• PROMPT: Could you retype exactly the line containing "Florida refresco sabor" and every line after it in the data below, leaving out the pictures?

• SUPPLIED INFORMATION:
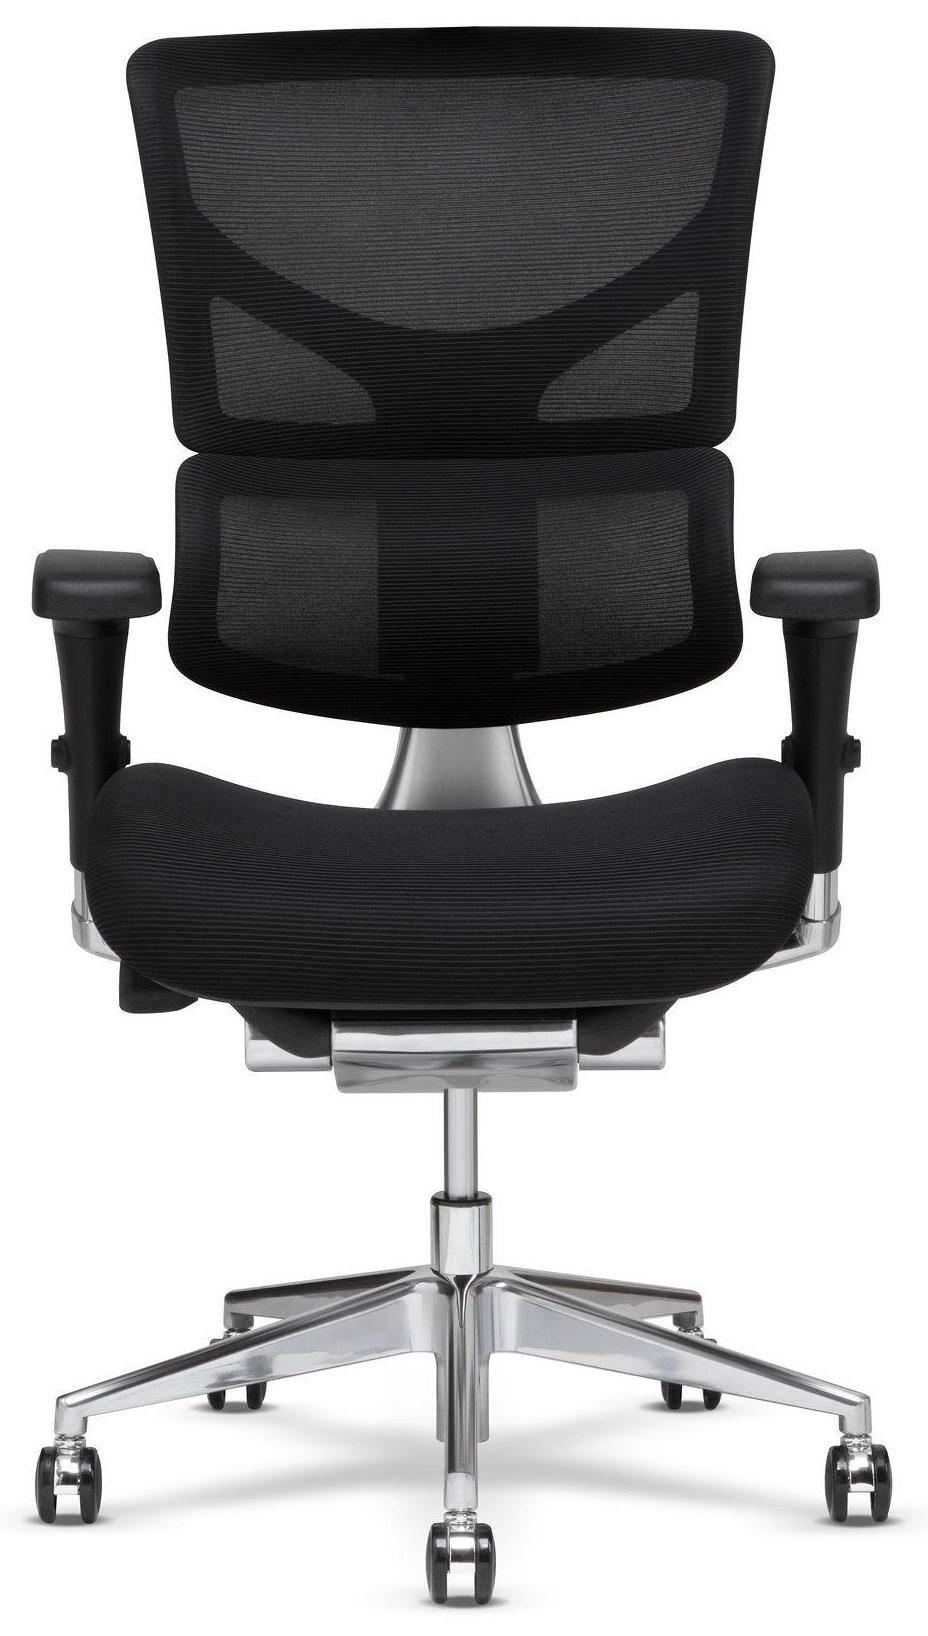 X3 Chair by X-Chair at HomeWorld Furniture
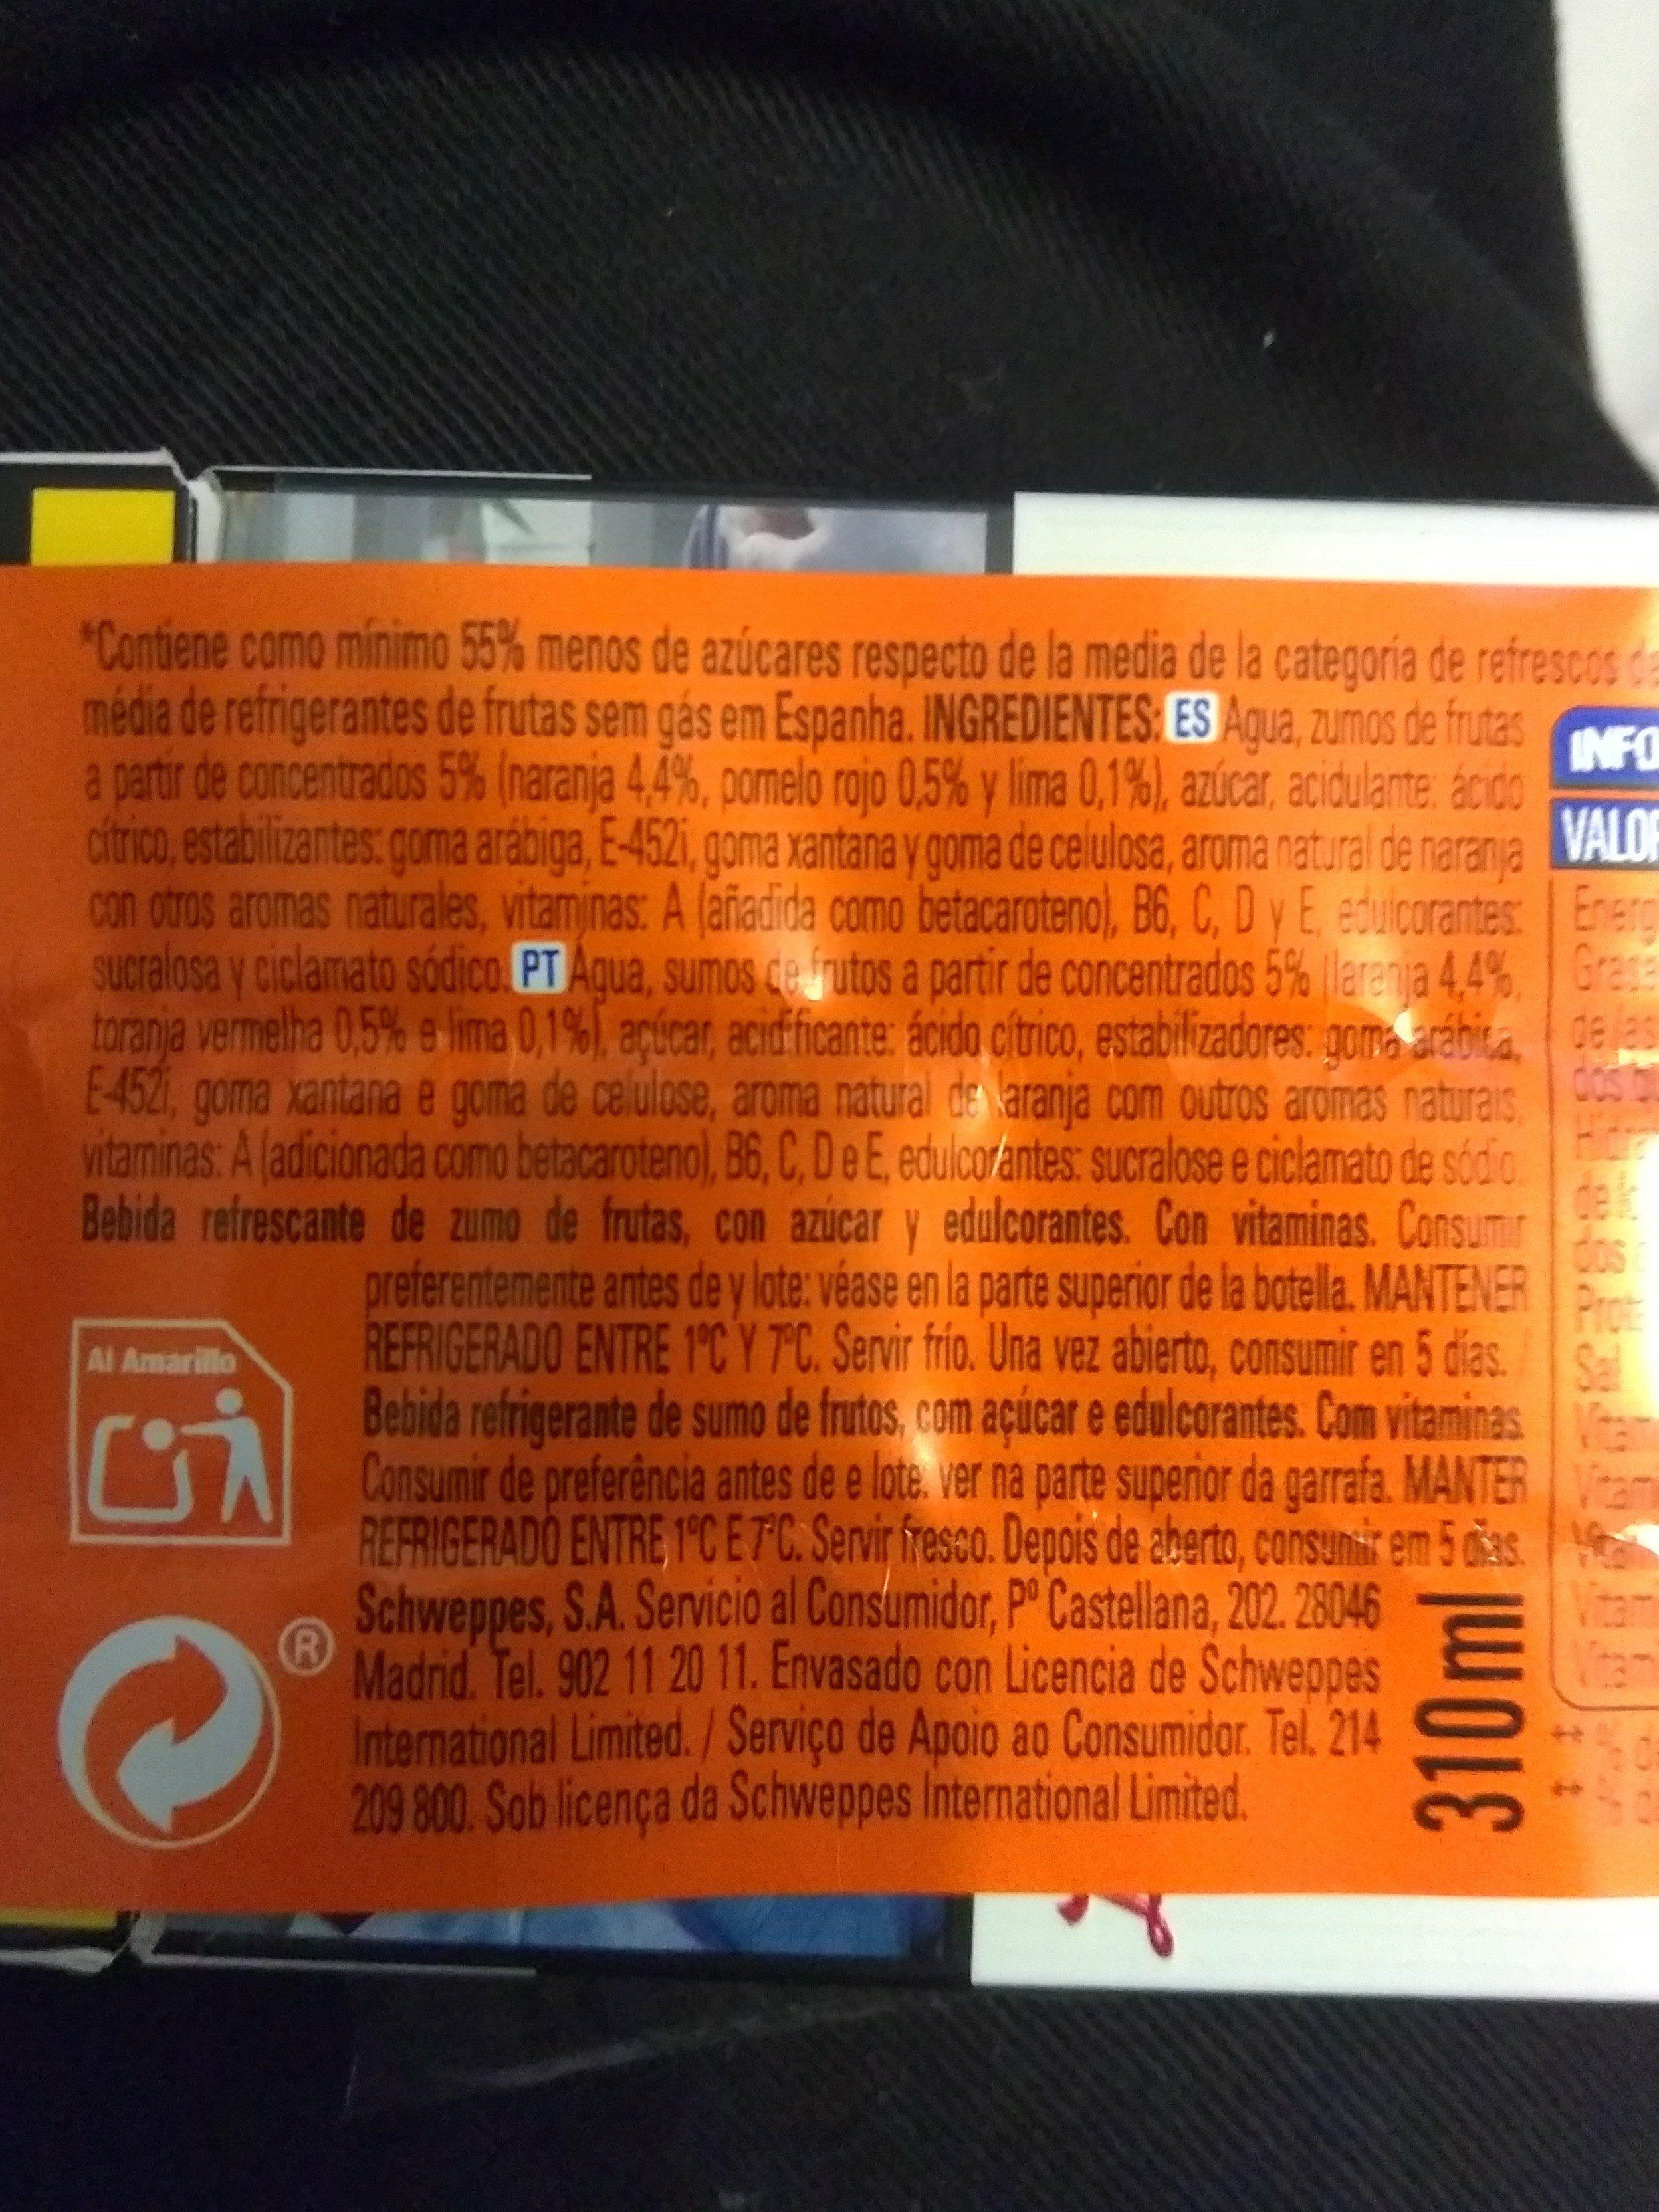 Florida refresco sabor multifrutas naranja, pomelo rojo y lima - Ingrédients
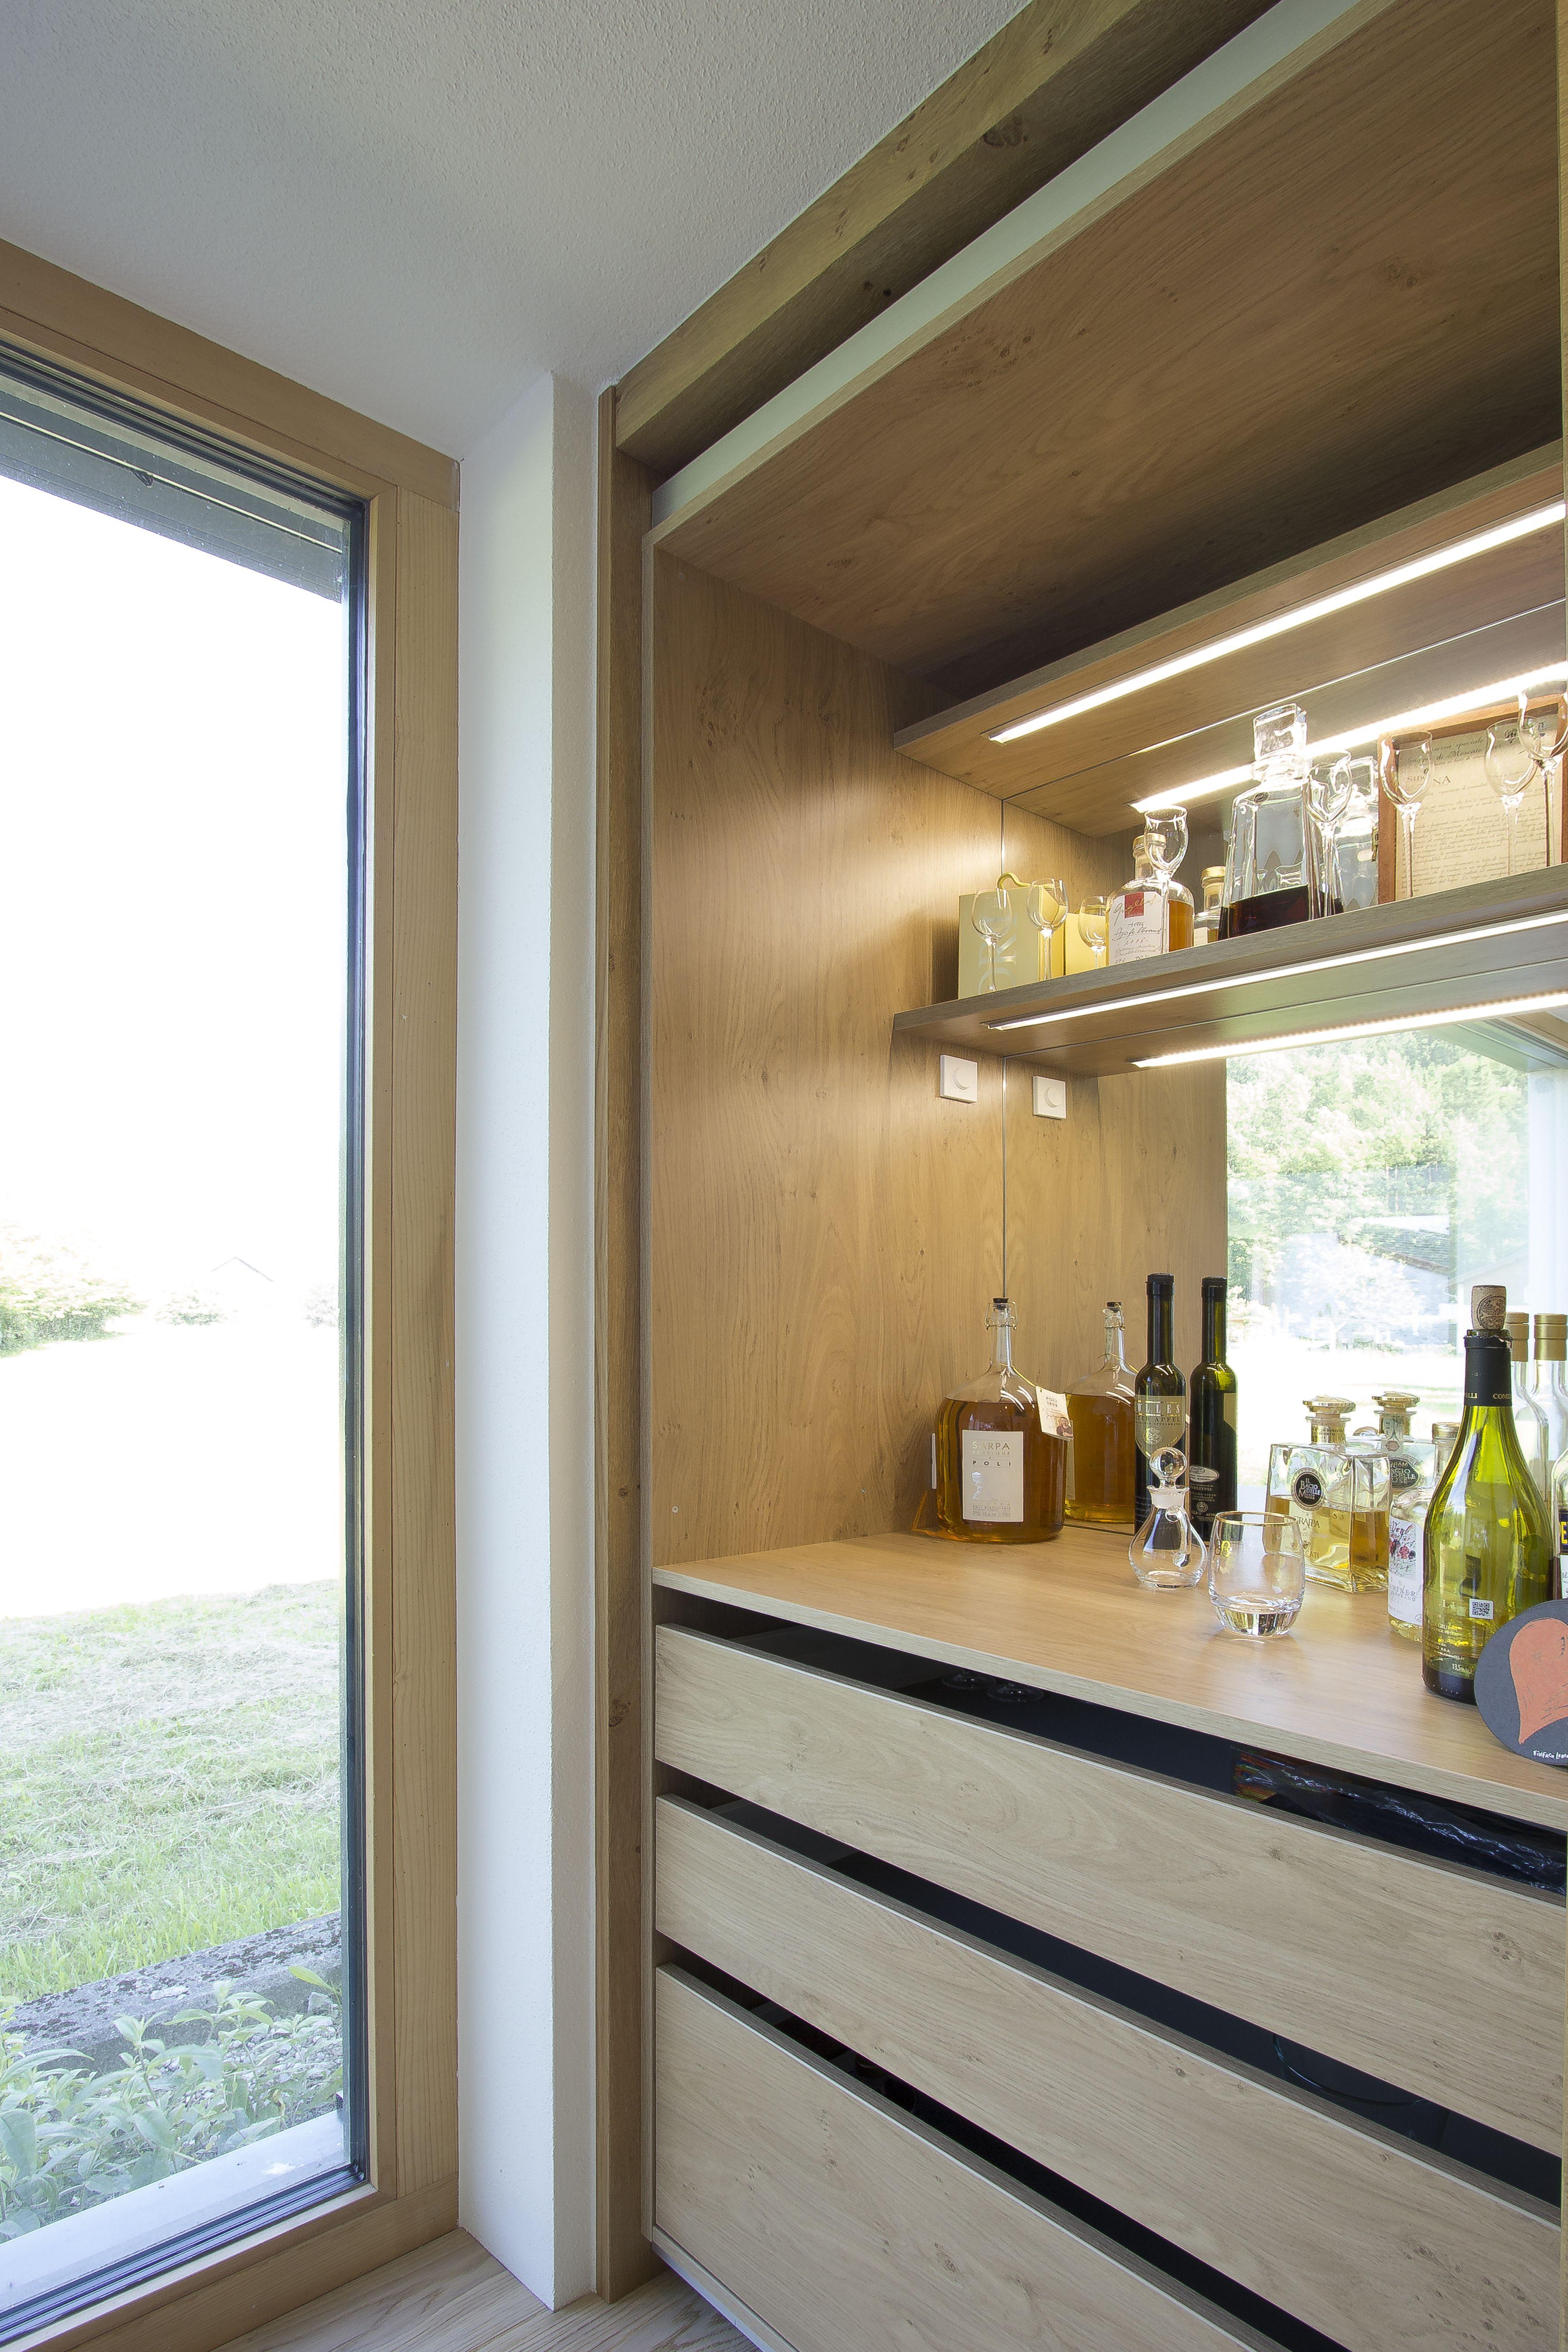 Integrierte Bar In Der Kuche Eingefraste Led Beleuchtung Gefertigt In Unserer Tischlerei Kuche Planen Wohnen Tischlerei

• RESPONSE:
 Florida refresco sabor multifrutas naranja, pomelo rojo y lima - Ingrédients
 Integrierte Bar In Der Kuche Eingefraste Led Beleuchtung Gefertigt In Unserer Tischlerei Kuche Planen Wohnen Tischlerei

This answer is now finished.